In my long use of flysurfer kites and foils in general I have found a few ways to adjust them. In general though they can be quite fine left alone and doing something like a mixer test or leveling the mixer can actually turn a good kite bad. The reason being that 2 things cancel each other out, 1 the way the mixer pulley lines shrink which shorten B and C and make the kite more stable and 2 the way the bridles shrink with mainly Z getting shorter which is to make the kite less stable. So more stable + less stable = mostly the same.
As to the ways to adjust. You have either altering the mixer lines ABC and Z. Altering the bridles lines either lengthening with pigtails or shortening with lcl loops. And you have restretching the bridles.
To measure you have the mixer test, long mixer test, measuring bridles and something I recently "invented" which is just a quick way to measure bridles the "full mixer test".
By far the easiest and most effectual adjustment is to add an extension to Z and use the mixer test to restore the B limit with the mixer level. Then adjust the length of Z till the kite flys how you like it. Most likely lengthening Z.
The way in which I had adjusted Z on flysurfers, although being clean and needing no extra parts, has the disadvantage of moving the trim position of the bar when you adjust Z length and being a little hard to fine tune Z, although Z is very tolerant to not being exactly right. I think you may be better just using a pigtail, but also still using the rear main and joins to adjust it on the fly.
Of all things adjusting Z is the most important and easiest to do so.
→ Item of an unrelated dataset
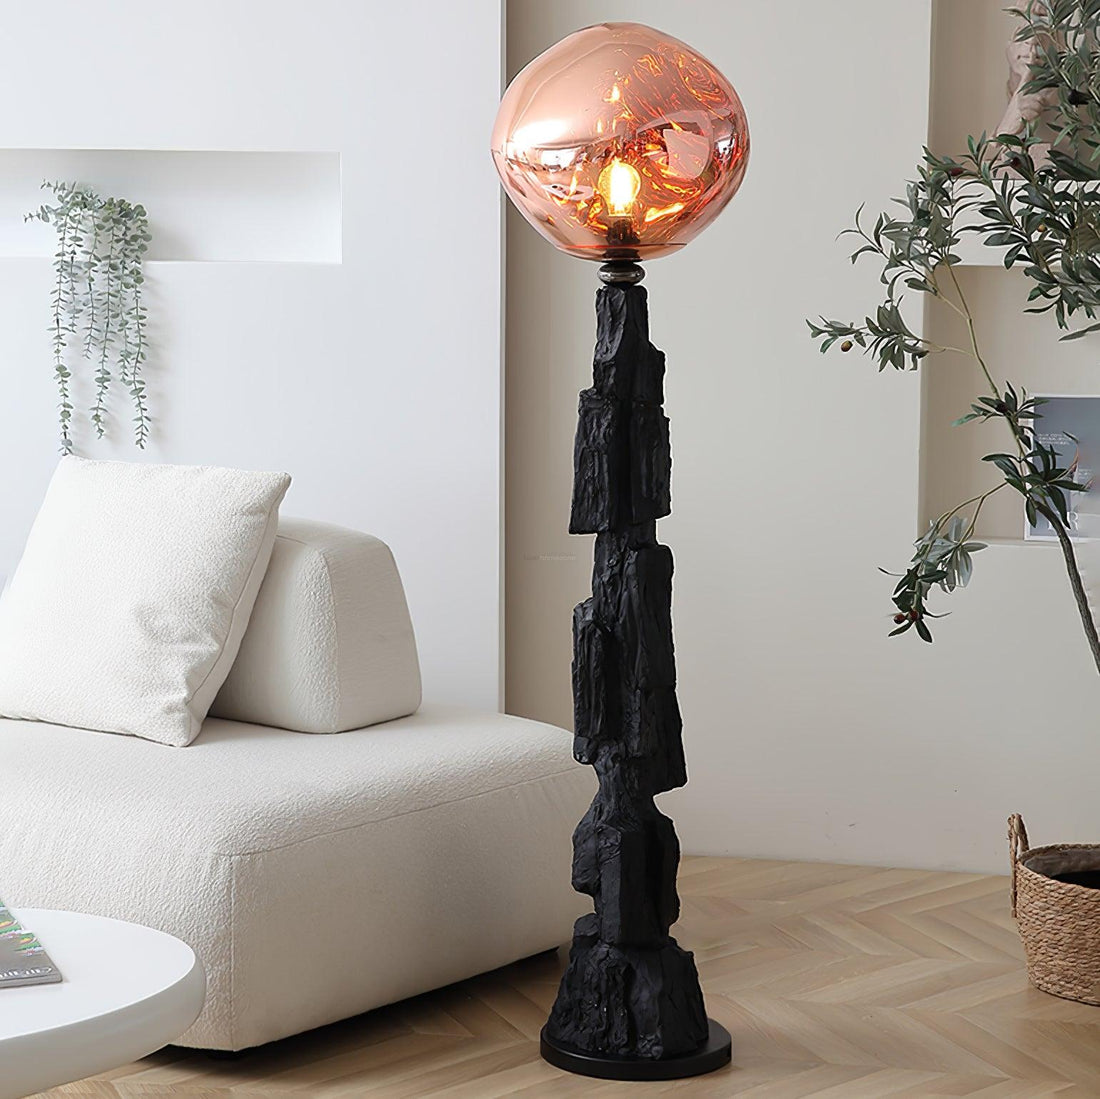 Lava Floor Lamp with Charcoal Color
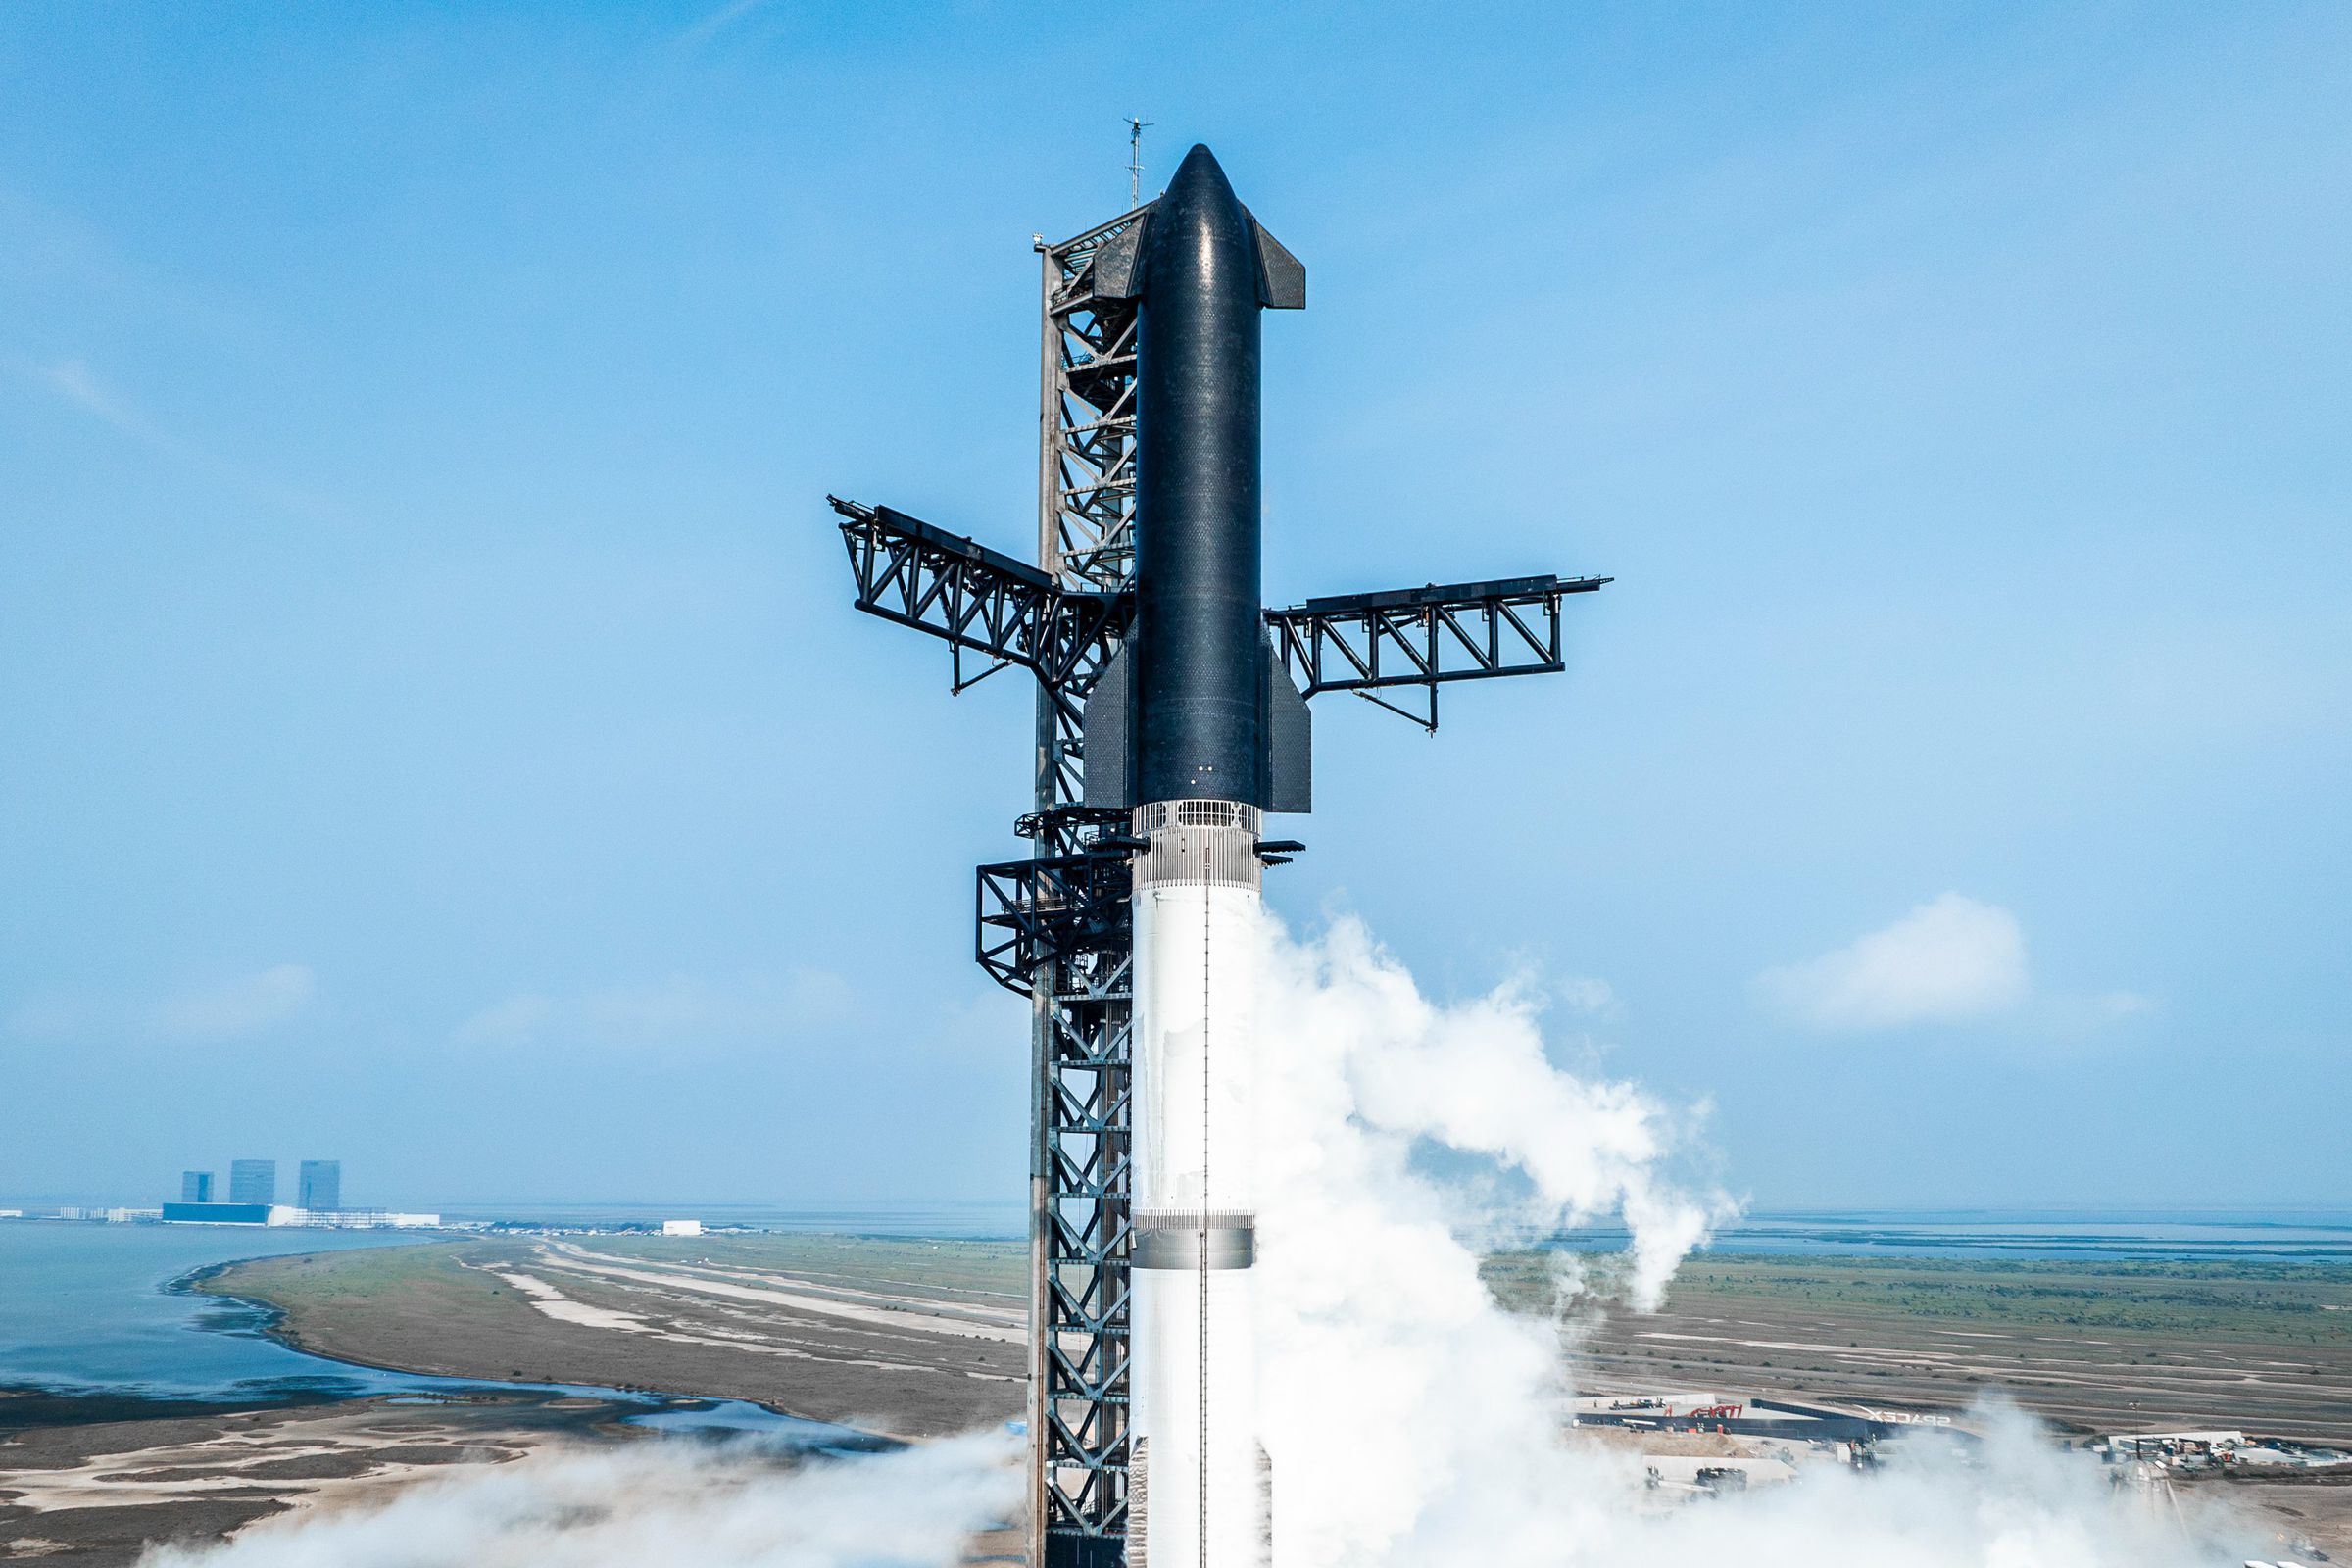 SpaceX’s Starship rocket on its launchpad.

I scratch my head how flysurfer has chosen to instead adjust B and C.
PabloQ wrote:does not have an intensive use
Bridles shrink without use.
Armin Harich wrote:
A lot of people for example don't measure under 5Kg of load
While I have used 5kg before I found it to restetch the bridles and so the measurement changes inconsistently. I then adopted to just apply higher force and full stretch them, which works for a while like a new kite does
I recently tried instead to measure the bridles with as little force as possible, just enough to remove the sag. ( now thinking about that maybe laying on a flat surface to use even less force would work even better). My reasoning is to try to capture the length as it is shrunk. I then adjusted the kite as to factory from that shrunk state. The results were/are quite good. Much better than any previous attempt I have done to restore bridles to original by altering the lengths. The state of performance seems to now hold quite steady, especially compared to say stretching.
My theory is that capturing the lengths with little force more accurately relates to their lengths when flying than if using a large force to measure with. I think my theory bears validity given the results I achieved.
There is a bit more to the adjustments I did that adjusting from measured to factory. I still adjust Z at mixer, as I have my own preference and I left Z bridles unadjusted as prefer them like that and I have another theory that flysurfer has designed for some bridle shrink and infact in the process of designing, prototyping, testing, adjusting kites compensating for shrink can be a natural occurrence. My thinking is that you start testing with factory lengths known. You then make adjustments as the kite is used , the more it is used and the later you make adjustments the more the bridle has shrunk and your adjustments are most likely compensating for that shrink. If you either just alter the design length by the adjustment length or stretch and measure you then have a bridle that will "bed in" and not be the correct length till after some use as is observed in flysurfer kites for very long now.
My idea about avoiding the 5kg force is you then get to really see how much the bridles truly shrink. I think with that data you could probably come up with equations for compensating for shrink, which I guess you have by now?